Case ID: pa_627/html/0246-02.html
Source: Caselaw Access Project
Author: {"author": "PER CURIAM. Chief Justice CASTILLE,", "license": "Public Domain", "url": "https://static.case.law/"}
Date Created: 2024-08-24T03:29:51.129683

99 A.3d 528
    Lise RAPAPORT and Seamus McCaffery, Respondents v. INTERSTATE GENERAL MEDIA, LLC, William Marimow, Craig McCoy, Signe Wilkinson, and Michael Days, Petitioners.
    No. 94 EM 2014.
    Supreme Court of Pennsylvania.
    Sept. 3, 2014.
   ORDER

PER CURIAM.

AND NOW, this 3rd day of September, 2014, the Application for Extraordinary Relief is DENIED.

Justice McCAFFERY did not participate in this matter.

Chief Justice CASTILLE files a concurring statement.

Chief Justice CASTILLE,

concurring.

I concur in the Court’s denial of petitioners’ request that the Court exercise its extraordinary jurisdiction to review legal questions concerning false light invasion of privacy claims.
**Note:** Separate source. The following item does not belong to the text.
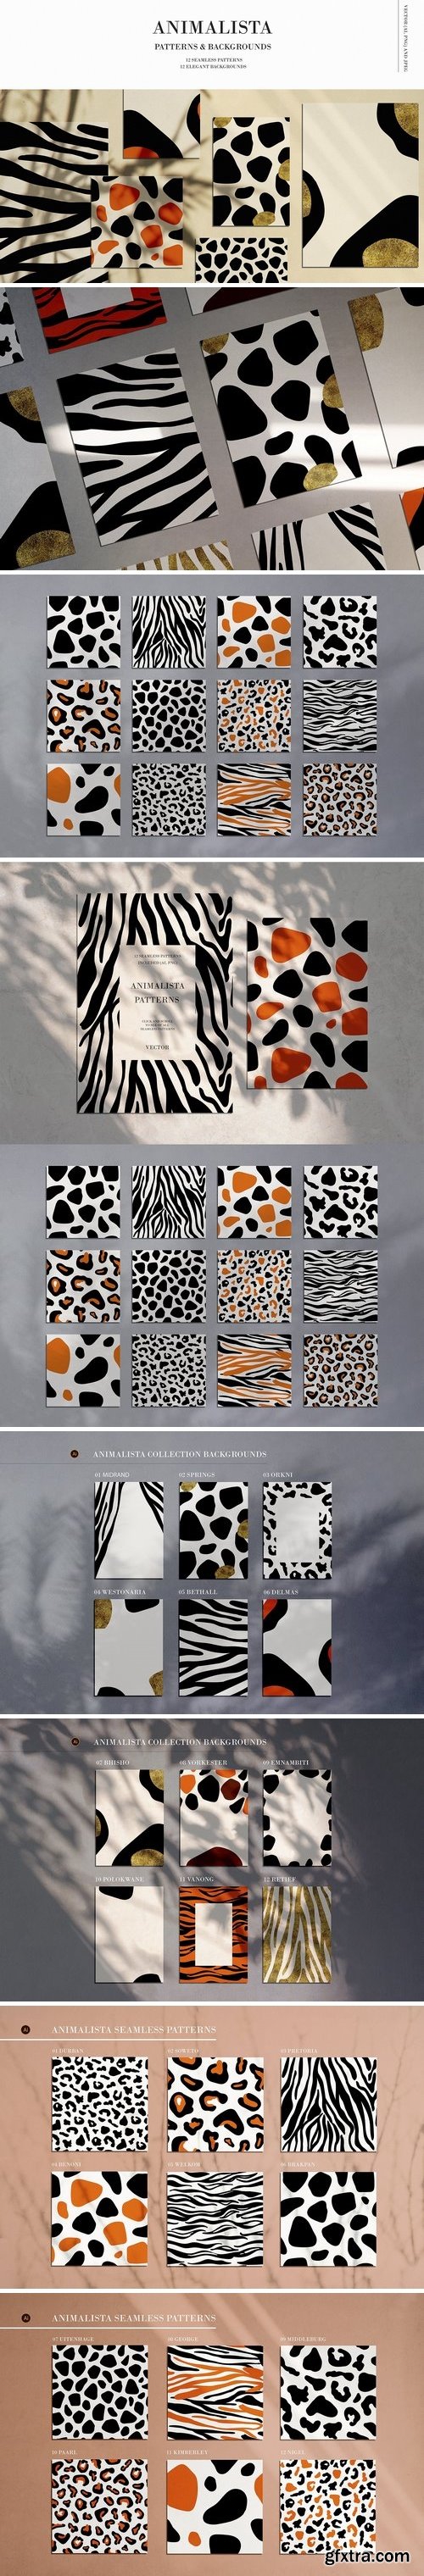 CM - Animalista - patterns collection 3515002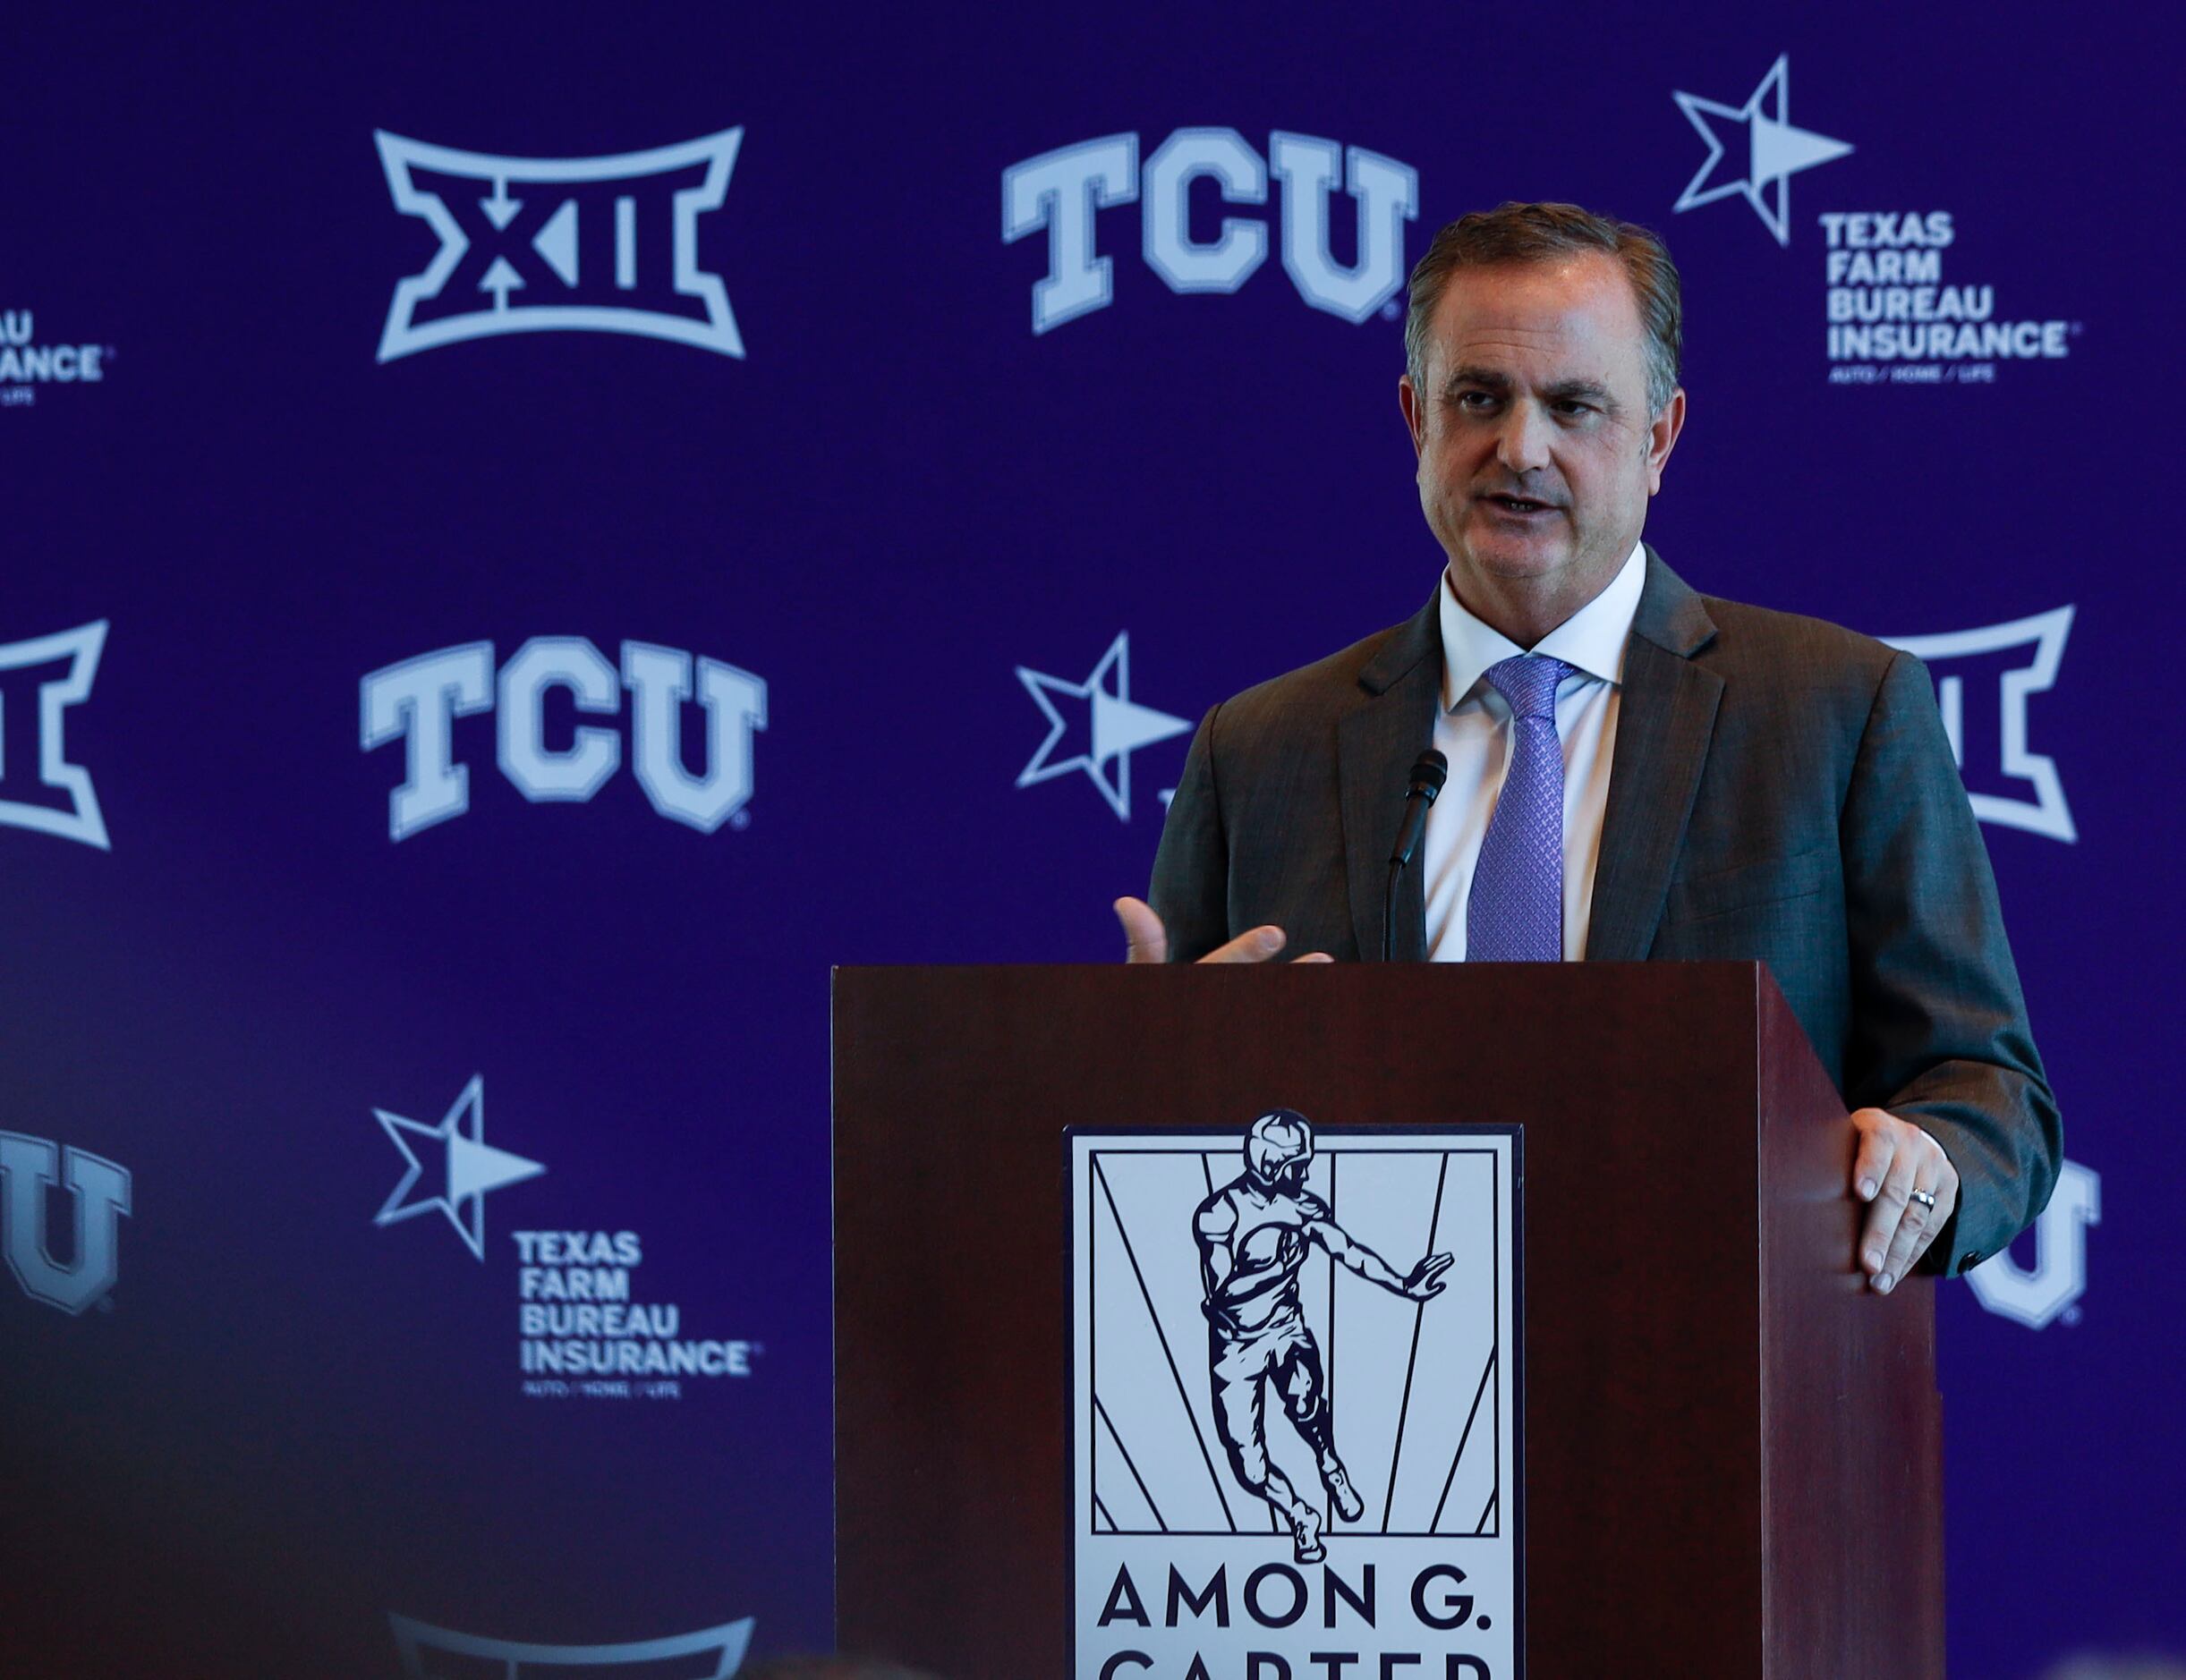 Texas Christian University's head football coach, Sonny Dykes, speaks at a news conference...

In my view, however, the questions identified by petitioners are indeed important. Petitioners’ core complaint is that they will be obliged to proceed to trial under a novel legal standard created by the Superior Court in Krajewski v. Gusoff, 53 A.3d 793 (Pa.Super.2012). The Krajewski decision presented questions of sufficient importance that this Court granted discretionary review of that published decision, only to dismiss the appeal after the plaintiff died. 621 Pa. 117, 74 A.3d 119 (2013) (granting appeal); 624 Pa. 224, 84 A.3d 1057 (2014) (appeal dismissed upon motion of estate executors). Petitioners believe the Kmjewski standard is erroneous, improperly burdens the press and prompts self-censorship, and thereby keeps matters of public concern unreported. Petitioners further claim that, in addition to suffering the overall chilling effect of Kmjewski, they will be forced to litigate this case under an incorrect standard that can only be corrected by this Court.

I believe there is merit to petitioners’ position, because of the chilling effect of such novel First Amendment decisions by our intermediate appellate court, but the instant request is, at best, premature. See, e.g., Washington Cty. Comm’rs v. Pa. Labor Relations Bd., 490 Pa. 526, 417 A.2d 164, 167 (1980) (“Petitioners have not sustained th[e] heavy burden [for extraordinary jurisdiction], but simply have mistitled a premature petition for allowance of appeal as a request for extraordinary relief.”); Philadelphia Newspapers, Inc. v. Jerome, 478 Pa. 484, 387 A.2d 425, 430 n. 11 (1978) (“The presence of an issue of immediate public importance is not alone sufficient to justify extraordinary relief. As in requests for writs of prohibition and mandamus, we will not invoke extraordinary jurisdiction unless the record clearly demonstrates a petitioner’s rights. Even a clear showing that a petitioner is aggrieved does not assure that this Court will exercise its discretion to grant the requested relief.”). In my view, the underlying issue of public interest warrants full development in discovery to provide necessary context for the constitutional issues we accepted for review in Krajewski, and which are evident here.